When you get them PM me with pics. I love em.


----------



## Ceedee (Jun 2, 2006)

Fellas, obviously Brian is sending along pics of his smokes and MANY of those smokes are heading out to "parts unknown" - generosity and good fun are the key words here. 

If there are issues with any personal viewpoints (feelings), I suggest that they be taken offline and not posted publicly.

Personally, I feel that the more pics the better. It's obvious that Brian is in the business of cigars and naturally has greater access to various items and BIG willingness to share his passion and profession. If he were a NASCAR driver, I don't think I would tell him to stop posting pics of his new cars and setups simply because his cars and profession were not something that I would be able to participate in personally for various reasons.

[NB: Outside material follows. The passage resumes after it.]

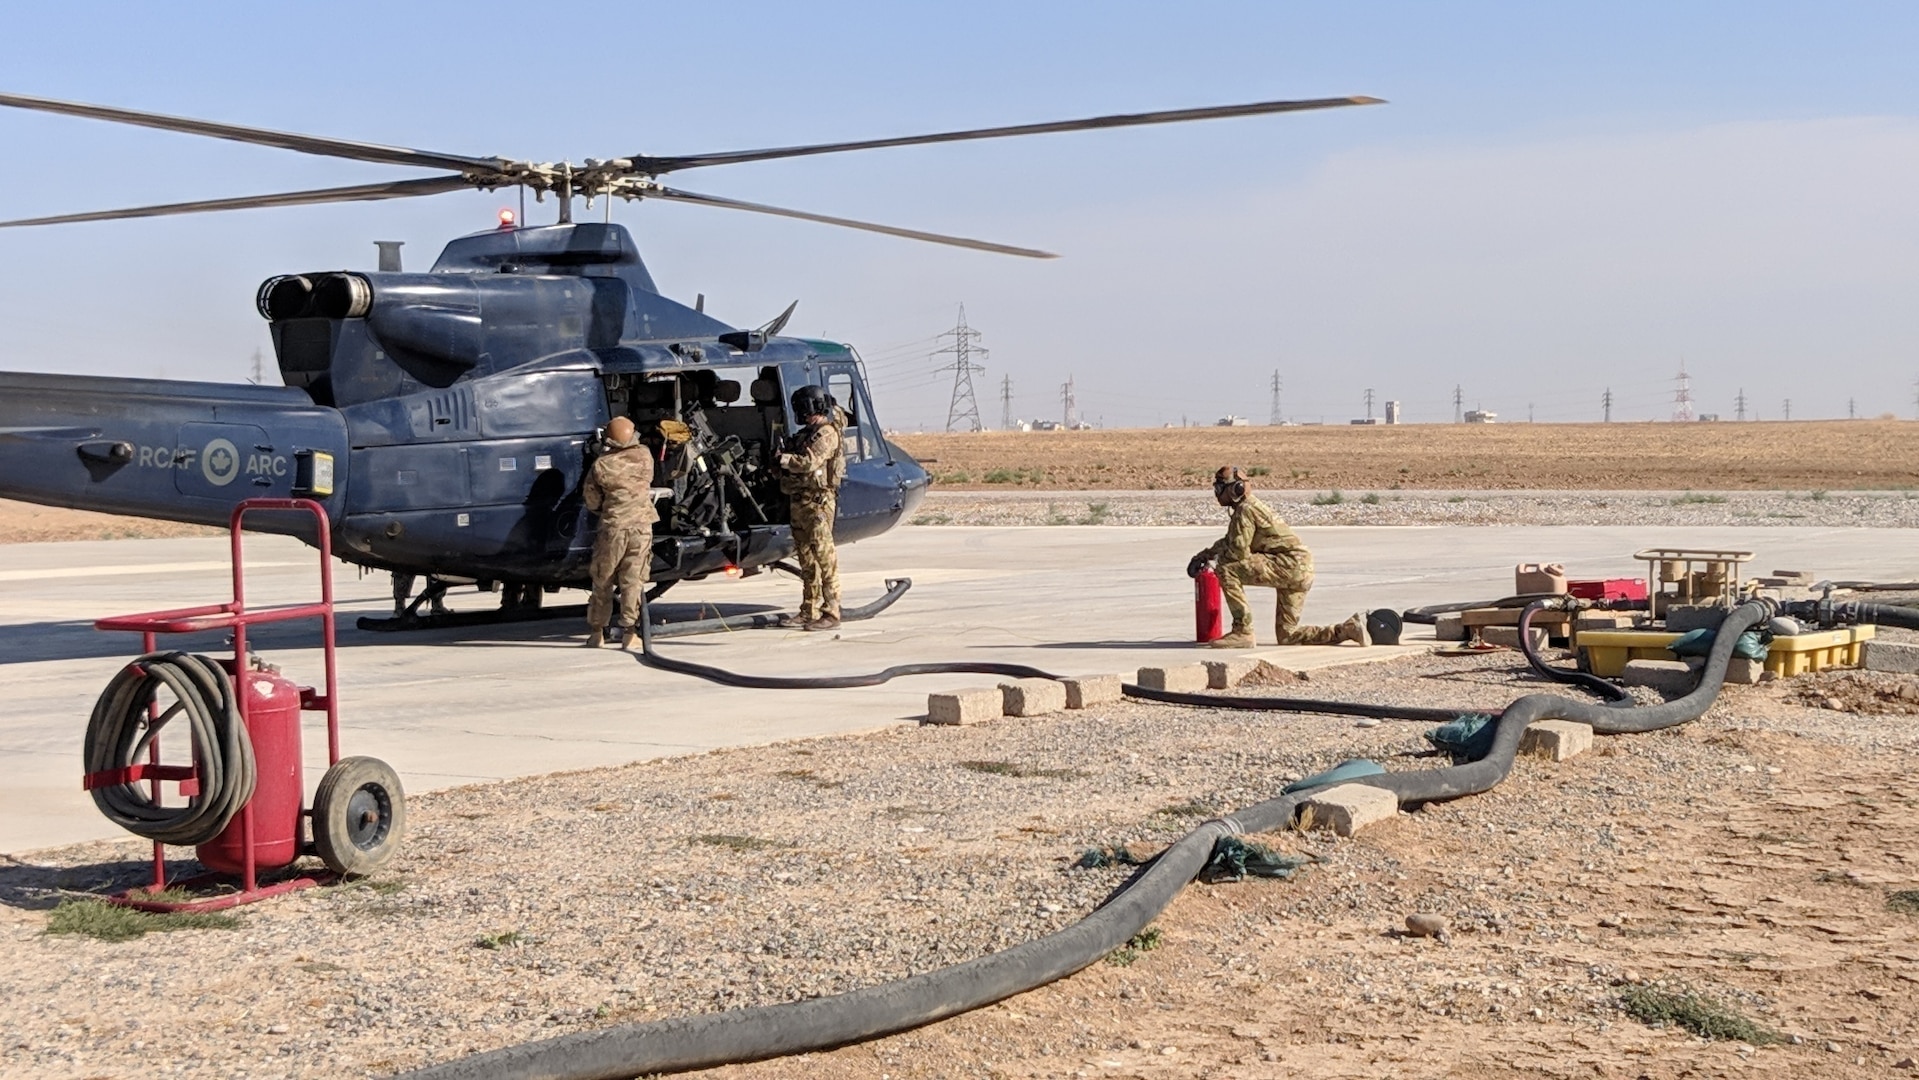 Spc. Clara Zurita, motor transport operator, and Spc. Godswill Orzabal, petroleum supply specialist, 574th Composite Supply Company, fuel up an NH90 helicopter at Erbil, Iraq, Oct. 15, 2019.

I can only speak from my viewpoint, but I LOVE to live vicariously through the posting of ANYONES cigar pics. I say, (and this is my opinion) keep showing us the pics Bigfoot - the more the better!

CD


----------



## CPJim-cl (Jan 17, 2008)

jitzy said:


> wow I'm suprized you guys would make those posts in the forum and not PM him and say that,


^^agreed.

Keep posting the pics. If someone doesn't want to see them they can choose not to click on threads started by you. There is no way you did this to be offensive and I bet everybody knows that.

But I will admit myself that I am slightly jealous of all the great smokes you have! It is cool to get to see something I will probably never get to see elsewhere.


----------



## Itsme-Speedy-G (Aug 20, 2007)

Bigfoot said:


> If this is offending anyone then I will stop posting pics, this was done out of fun and good spirits, in no way did I mean to offend anyone on this board.
> 
> Brian


There is no way anyone should have a problem with this post or you. Everyone should be able to show off a little. Brian I know that you are "paying back" those that bombed Texas. I don't recall people having problems when a few other went and payed back each other...with liquor and cigars... or when Gerry showed pics of his walk in humidor.....I am fine with it..

POST ON BRO


----------



## baboruger (Jun 18, 2007)

Sorry for rocking the boat, I'll watch what I say from now on. I was not trying to offend and have PM's Brian and explained why I shared my thoughts. Sorry for upseting peopler


----------



## Sea Jay (Jan 28, 2008)

$$$ Beautiful cigars $$$


----------



## DOZER (Sep 30, 2007)

:dribble::dribble::dribble::dribble:


----------



## boxer757 (Apr 18, 2007)

I understand both points of view. 

I like seeing the cigars because it is a nice way to kill time and also I get to see some smokes that I don't know about or have never had and I can ask questions about what they are like.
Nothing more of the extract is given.